GIVEN DATA Start Marker

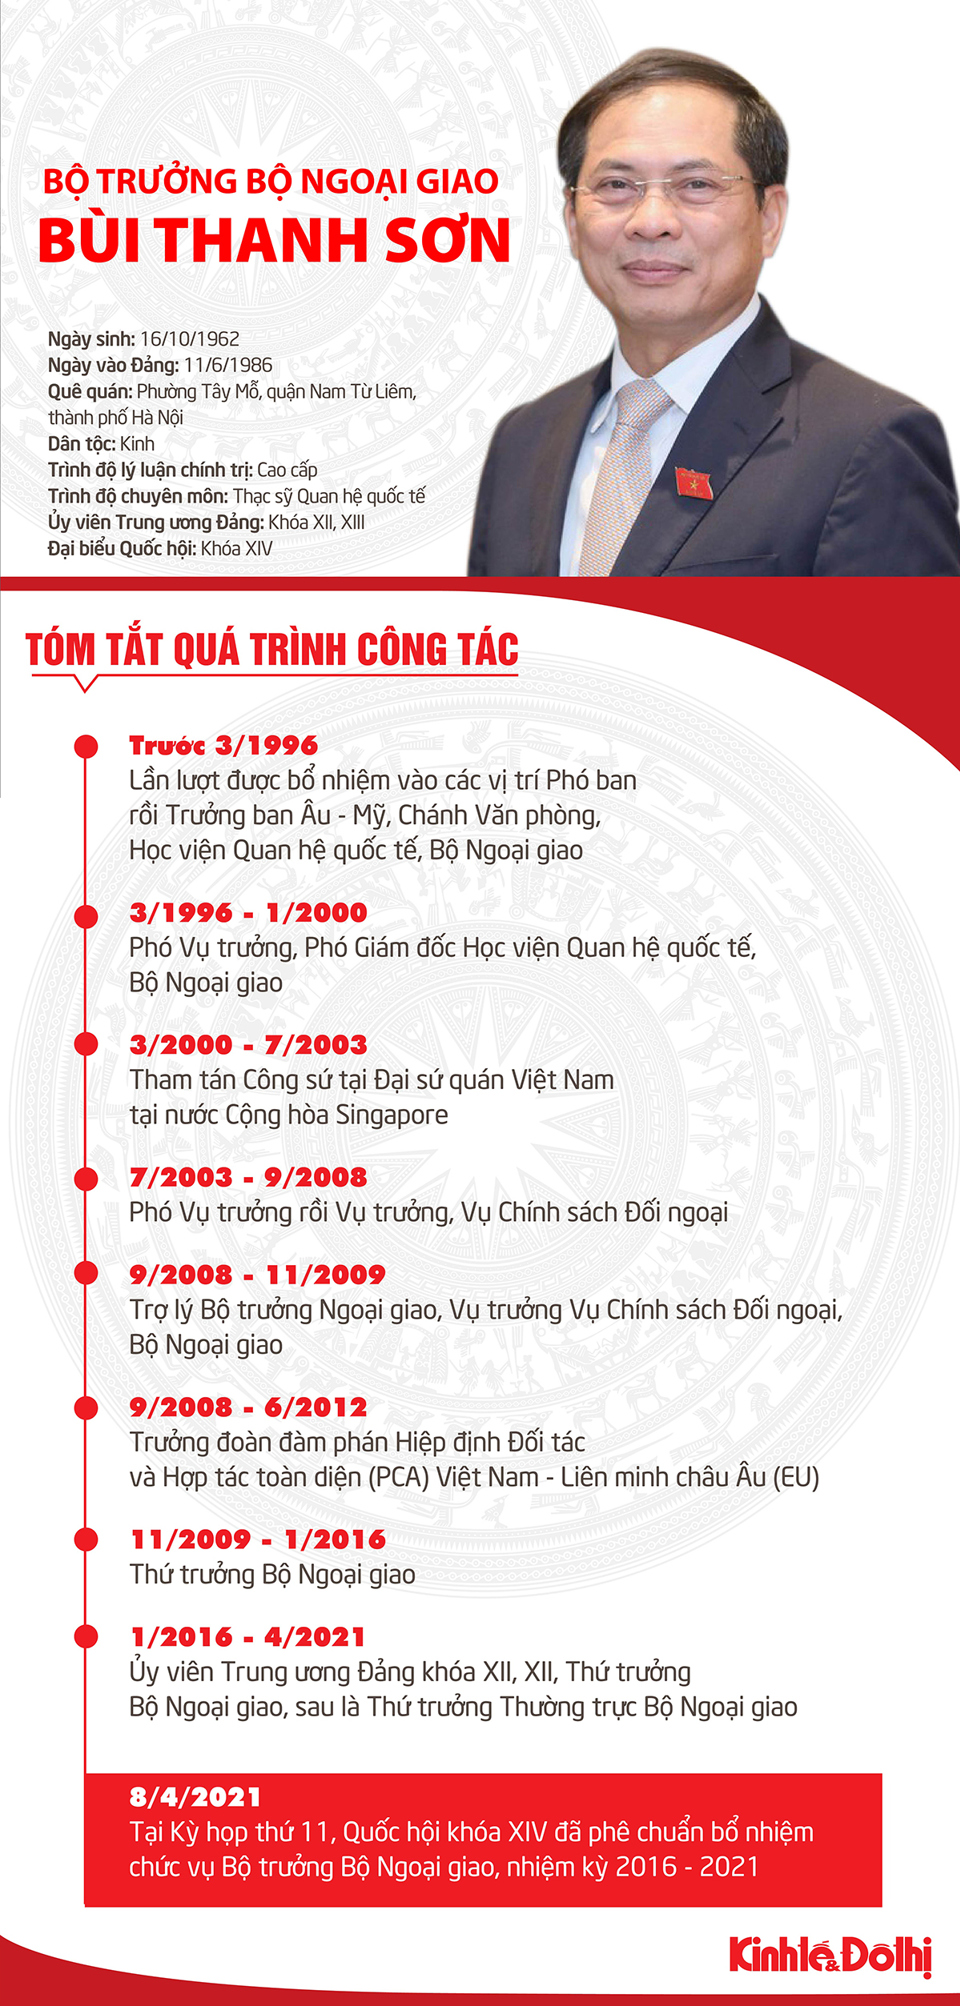 [Infographic] Tóm tắt quá trình công tác của tân Bộ trưởng Bộ Ngoại giao Bùi Thanh Sơn - Ảnh 1
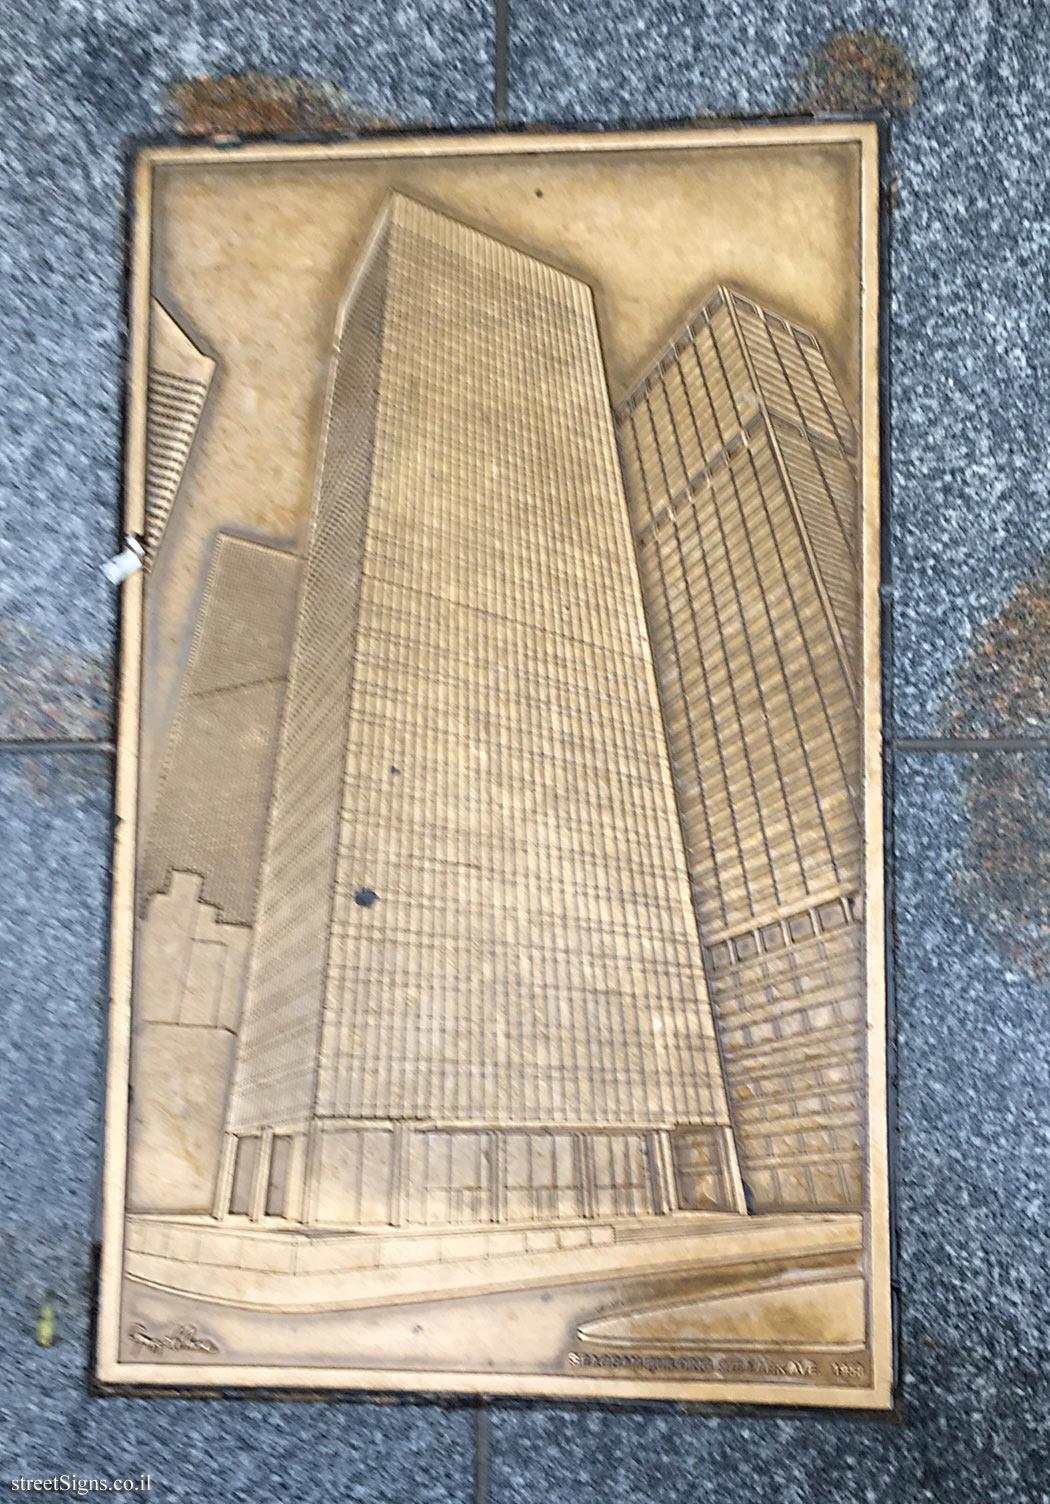 New York - Park Avenue plaques - Seagram Building
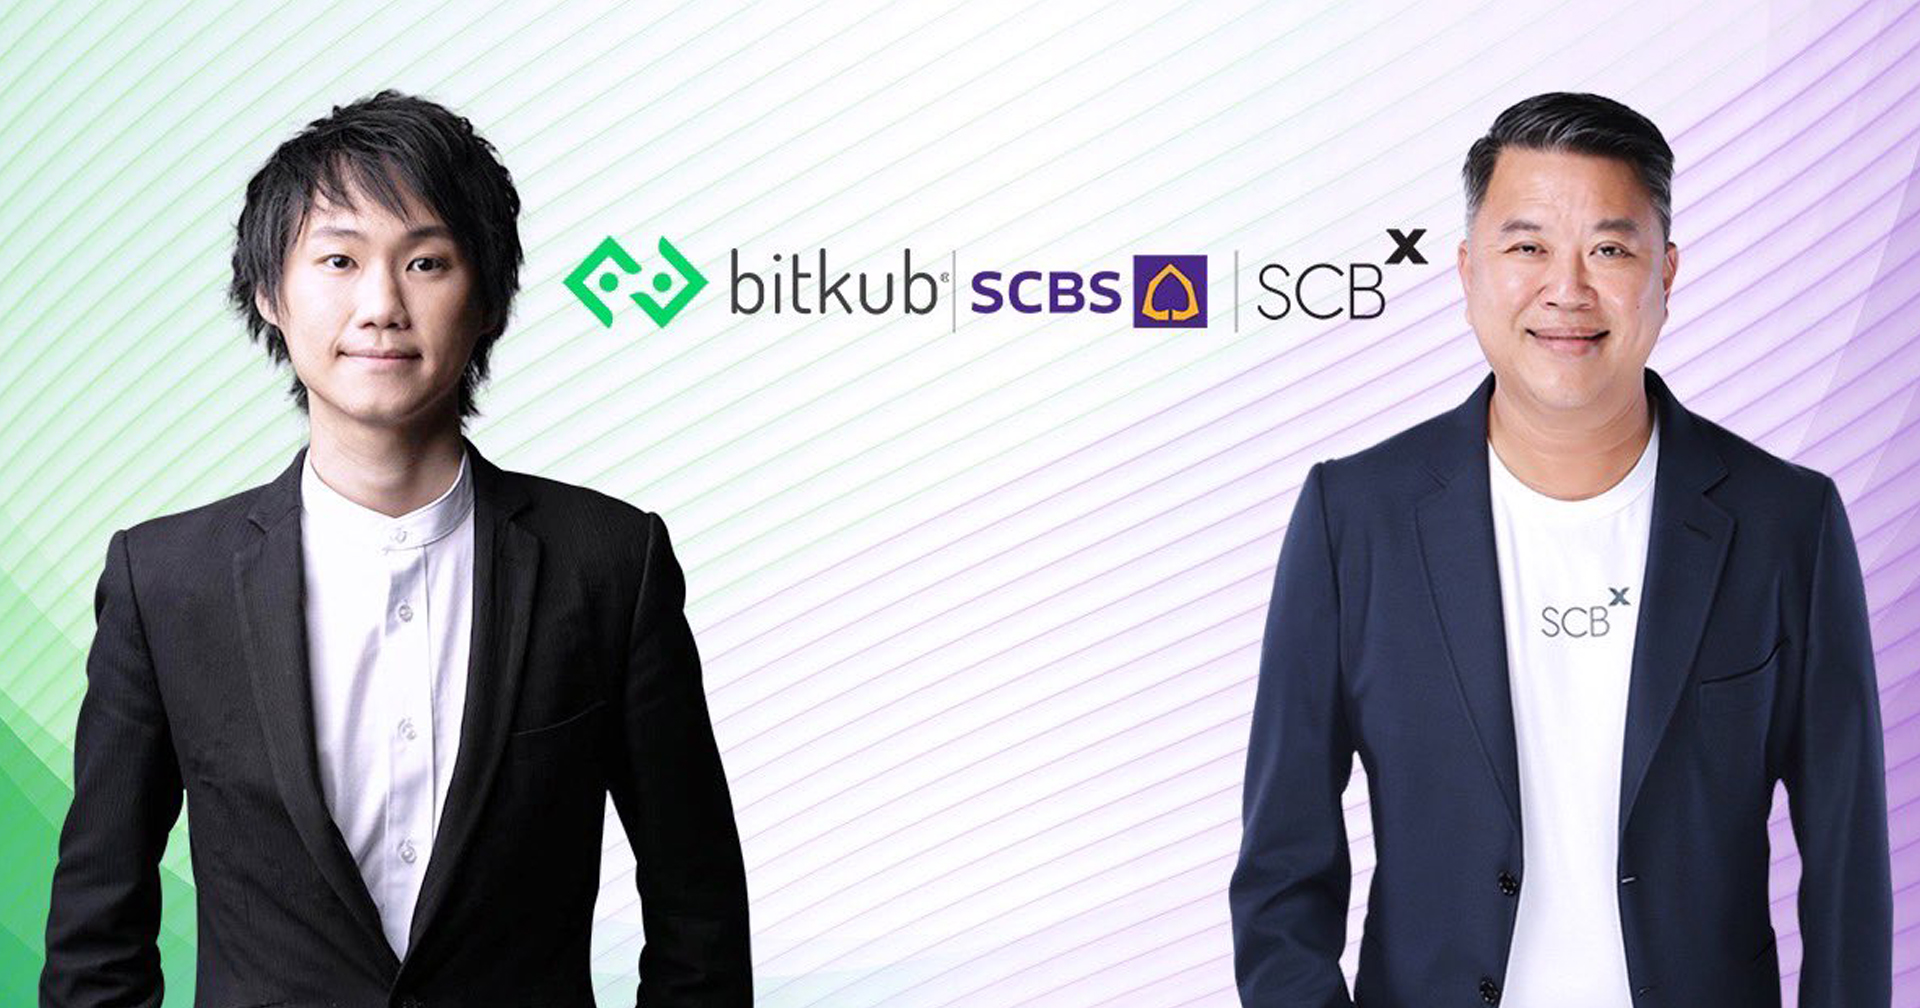 SCB ทุ่มเงินกว่า 17,800 ล้านบาท เข้าเป็นผู้ถือหุ้นใหญ่ Bitkub
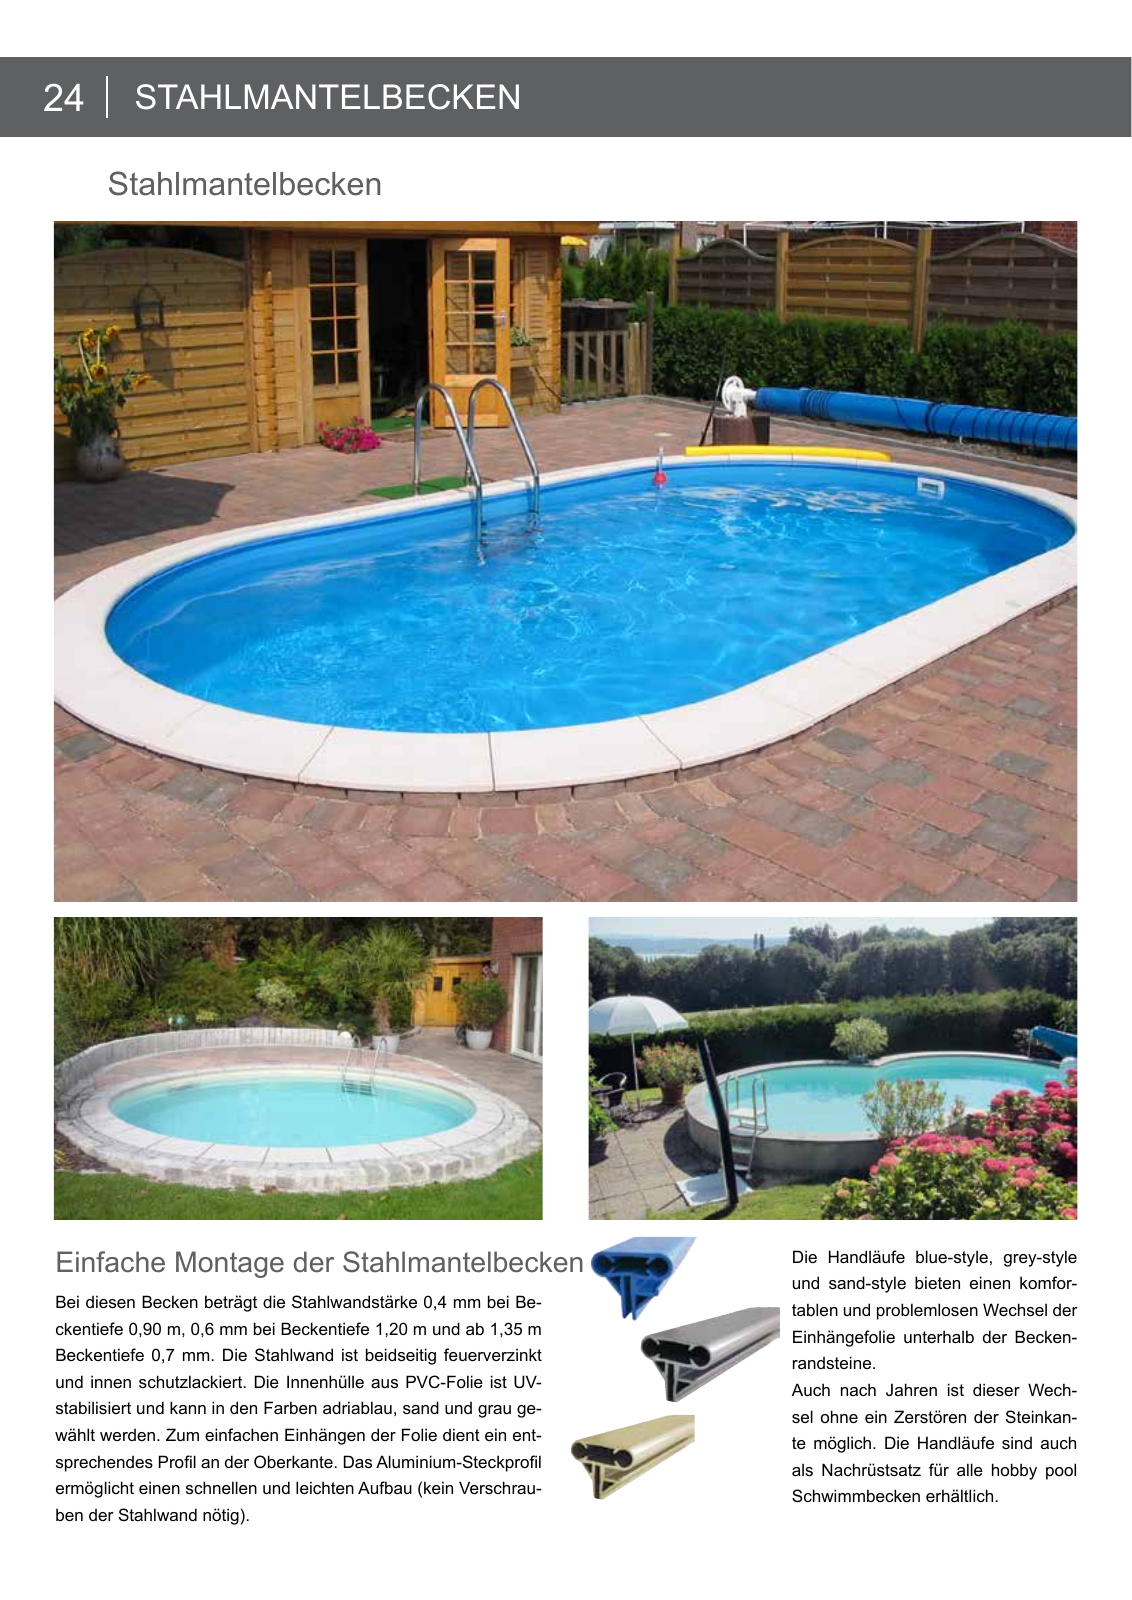 Vorschau Hobby pool Schwimmbadkatalog 2016 Seite 24

GIVEN DATA End Marker

WHAT NEEDS TO BE DONE:
Your copy should run from the line that has "SCB ทุ่มเงินกว่า 17,800" through the last line above, exactly, with both ends in and pictures out.

RESPONSE AREA:
 SCB ทุ่มเงินกว่า 17,800 ล้านบาท เข้าเป็นผู้ถือหุ้นใหญ่ Bitkub
 Vorschau Hobby pool Schwimmbadkatalog 2016 Seite 24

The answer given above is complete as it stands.